What will a refocusing of New Zealand’s foreign policy towards emerging Asian economies mean for the country’s commitment to the Commonwealth? Fale Lesa, 21, a Commonwealth Correspondent from Auckland, reports.

New Zealand is on the verge of adopting a new charter in relation to the direction of its foreign policy focus: that’s the feedback from a report tabled by the government recently which described the reality of the political climate that we are now facing.

The backbone of this report calls for a shift of focal point from the US and Europe to Asia, the Gulf states, South America and Africa. The transition sheds some two hundred diplomatic staffing positions and forces the closure of a handful of embassies abroad.

It comes amid evidence that New Zealand acquires a whole lot more from its strategic relationship with Asia than it does with Europe especially. Exports to China have climbed 143 percent since the signing of our Free Trade Agreement back in 2008. Similar trends exist with Japan, South Korea, Malaysia, Singapore and Vietnam.

As the face of foreign policy changes in this country, and in many others, it is critical to remain proactive in the pursuit of our common values and principles. Many of these newly-formed connections include countries with no affiliation to the Commonwealth network. Nevertheless, Commonwealth virtues ought to be shared universally, and promoted as often as possible.

This is a pragmatic solution to the crisis of relevance that currently plagues our association. I firmly believe that each member state carries a responsibility to anchor itself proudly on the mission statement of this noble network and on the facets of solidarity that solidify our various relationships.

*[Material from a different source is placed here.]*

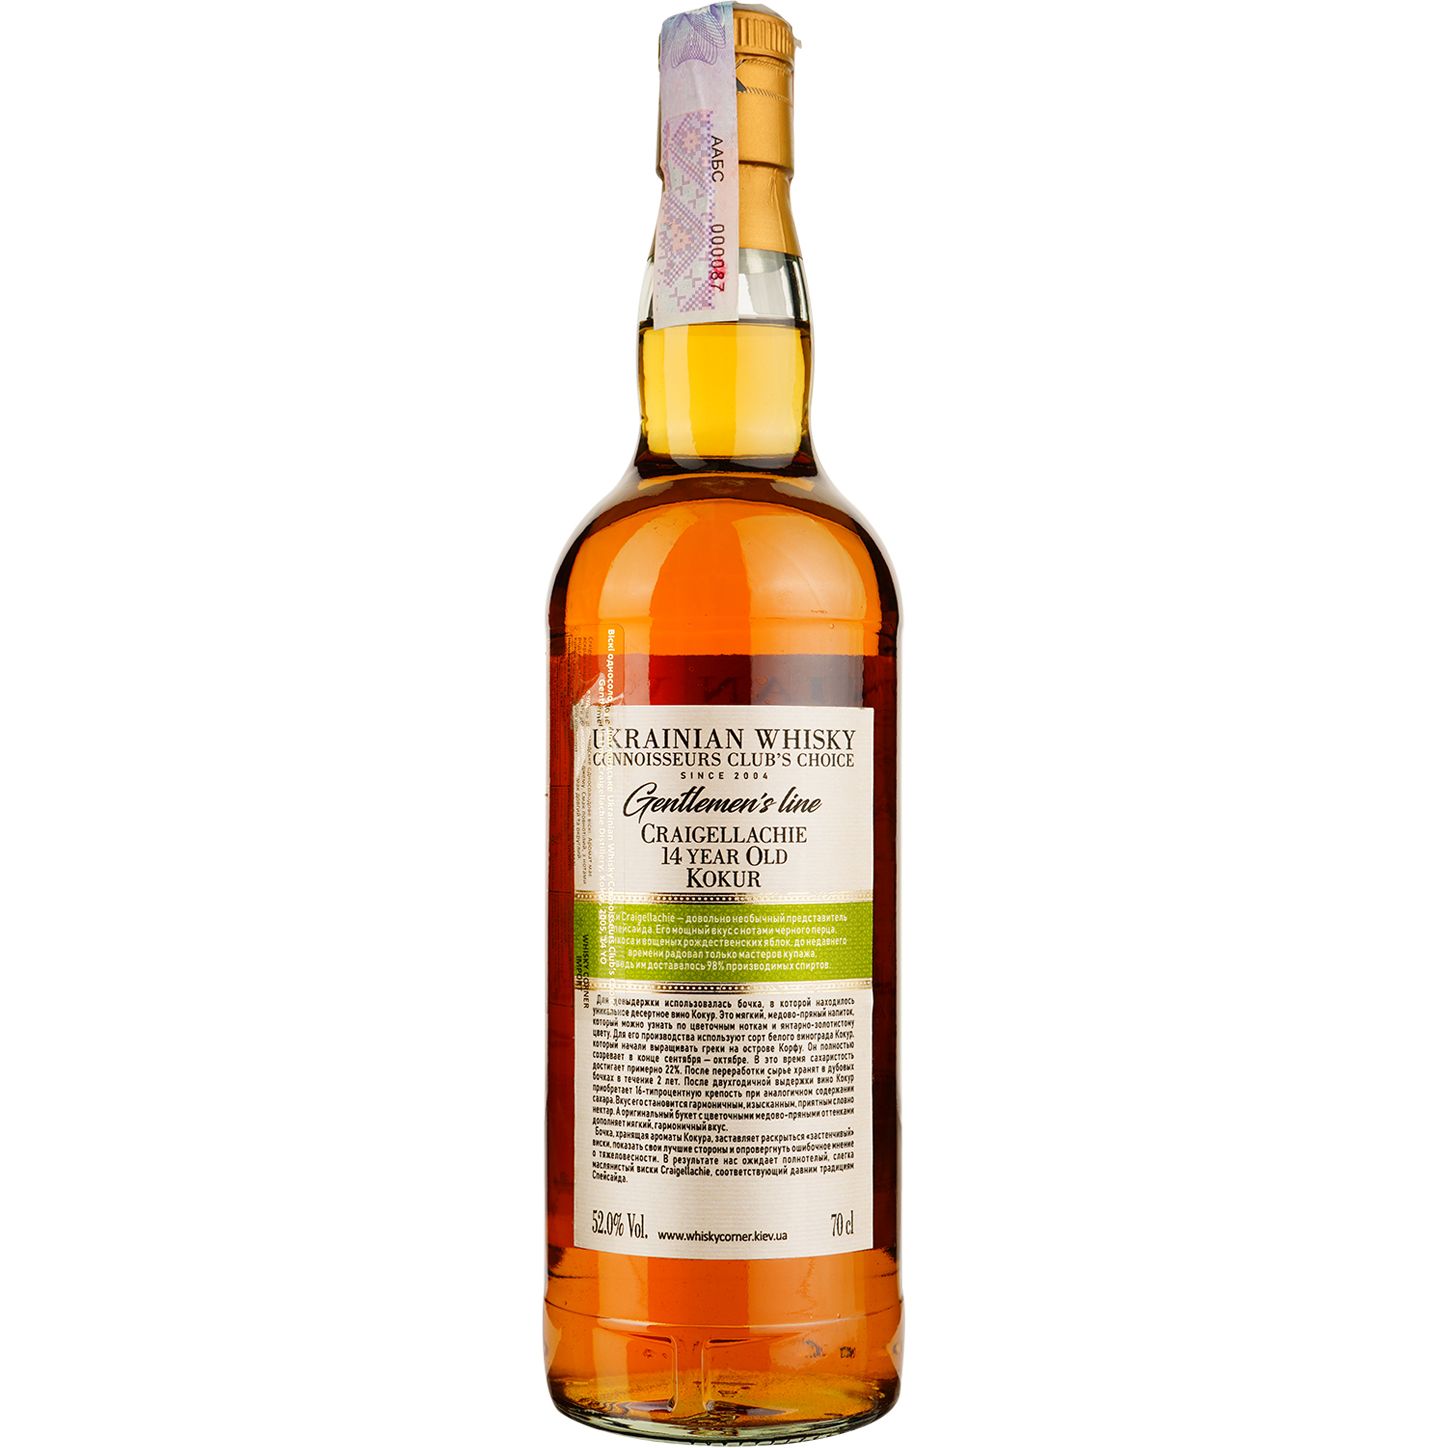 Віскі Craigellachie 14 Years Old Kokur Single Malt Scotch Whisky, у подарунковій упаковці, 52%, 0,7 л - фото 4

There is no time quite like the present to actively profile the fruits of an association that extends to some of the most progressive eras in recent history. The time for internal dialogue is over. Now is the time to extend this dialogue to the world and to embrace those afar. We have reached a point in the sand whereby it is our actions that represent the ‘Character of the Commonwealth’ and not our history or our discussion. The Character of the Commonwealth is standing in the shadows and New Zealand should let it shine!

In some respects, New Zealand bids farewell to its traditional Commonwealth alliances. But in many others, it will carry this paternal bond to the shores of the unknown and to the alliances of tomorrow. Like an adolescent leaving home for the very first time, New Zealand heads off into adulthood with a battalion of badges awarded for its service and commitment to an enduring theme of common wealth and common action. Watch this space!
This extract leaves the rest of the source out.